Right now the place to be is to run slightly more controlling cards than your opponent. For example, Wild Slash gets much better until everyone switches to Brimaz. Brimaz used to be easily answered by Chained to the Rocks, but now Abzan Advantage can wipe out Chained and pump a creature. This gives it a dual role like Valorous Stance where it can potentially save a creature from a burn spell or get one back down the road. It even takes down Courser of Kruphix on the cheap while giving you a tiny bit more value. People are altering their decks to be better against last week’s RW decks, which means it’s time to decide if you want to go even more controlling or simply change up your threats.

Deck of the Week

Juan Tauler Aguiló, 12 – 3 at Grand Prix Seville 2015

 

I’m a huge fan of Jeskai Tokens and I think this build is excellent. I played a very similar build at a PTQ last weekend and felt pretty good in every game where I got to play real Magic. The only swap I can make with certainty is to dump a Temple of Epiphany for another Flooded Strand. You really don’t want 10-11 tapped lands and you get to maximize your delve cards.

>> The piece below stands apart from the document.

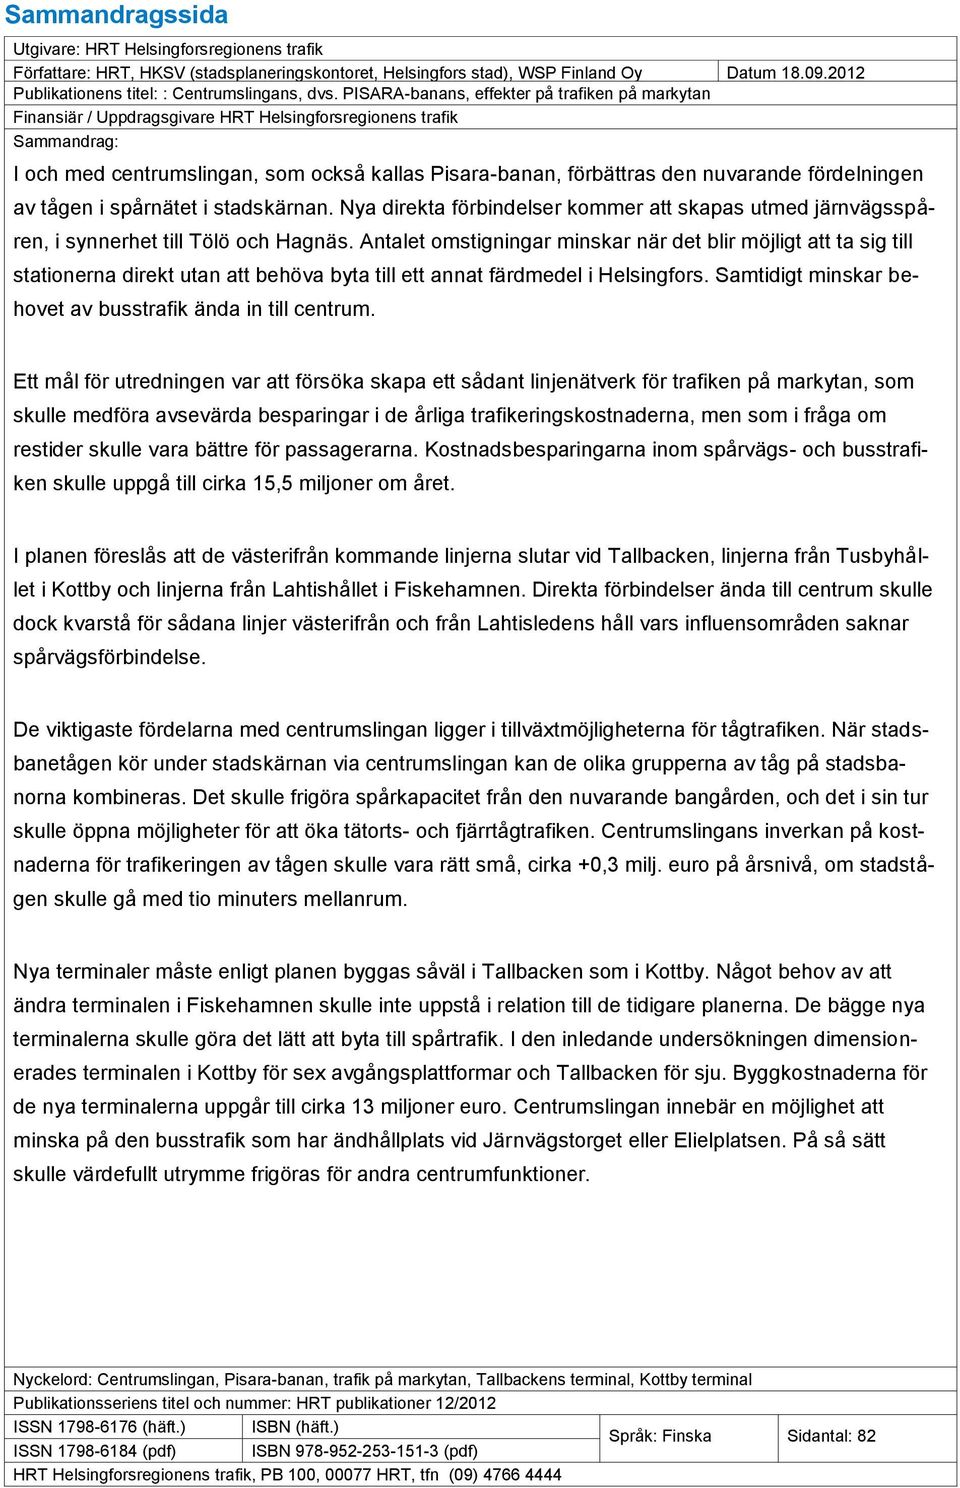 PISARA-banans, effekter på trafiken på markytan Finansiär / Uppdragsgivare HRT Helsingforsregionens trafik Sammandrag: I och med centrumslingan, som också kallas Pisara-banan, förbättras den
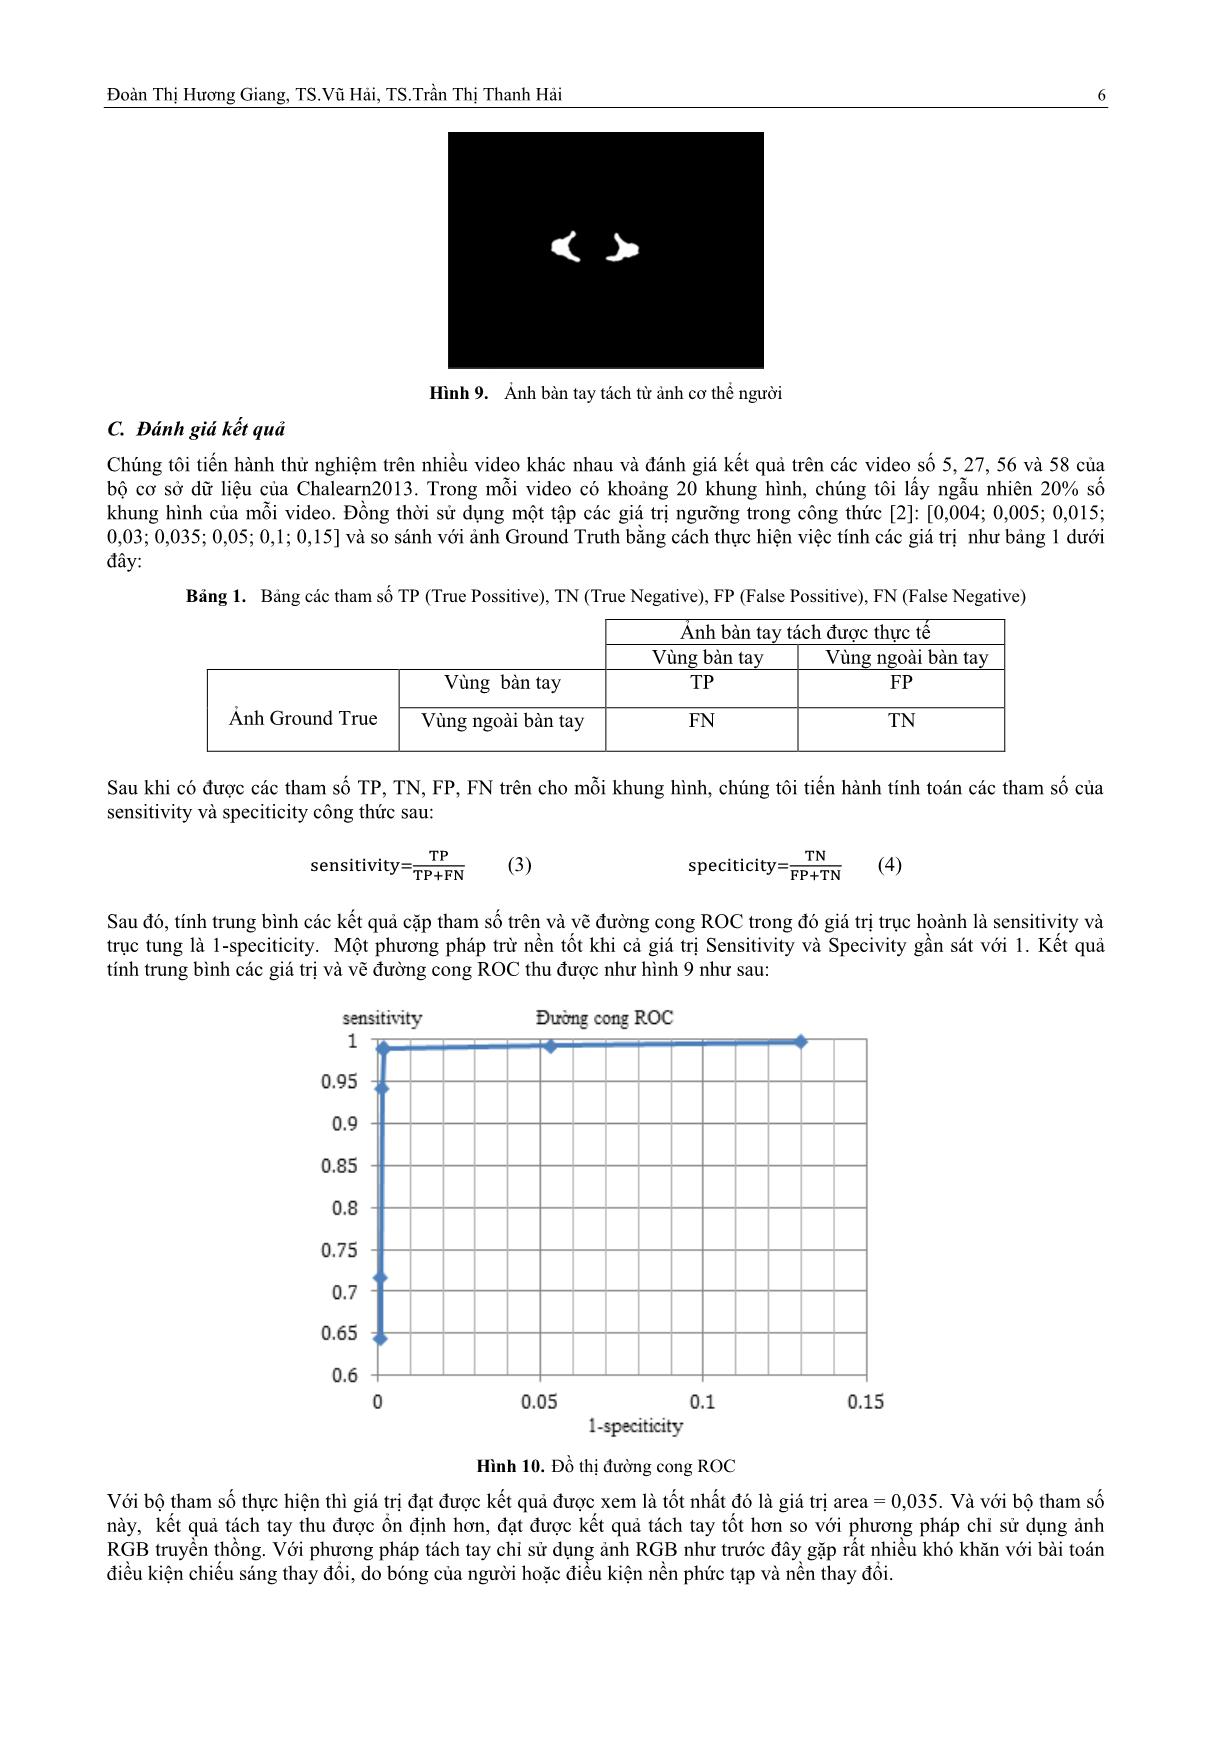 Khai thác dữ liệu ảnh độ sâu từ cảm biến Kinect: Sửa lỗi và ứng dụng trang 6

If people are leaning on Wild Slash and Brimaz, then Wild Slash loses some value itself and should likely stay a 2-or-3-of and Valorous Stance should be moved to the main. A singleton maindeck Abzan Advantage also isn’t the worse against the mirror and other RW decks. Outside of the usual, tokens are pretty hard for RW to effectively deal with and Ascendancy turns almost any board position into a scary one.

Not quite as unique as some of the other options available but one of the most effective, and Jeskai Ascendancy and Treasure Cruise give some of that raw power straight RW lacks.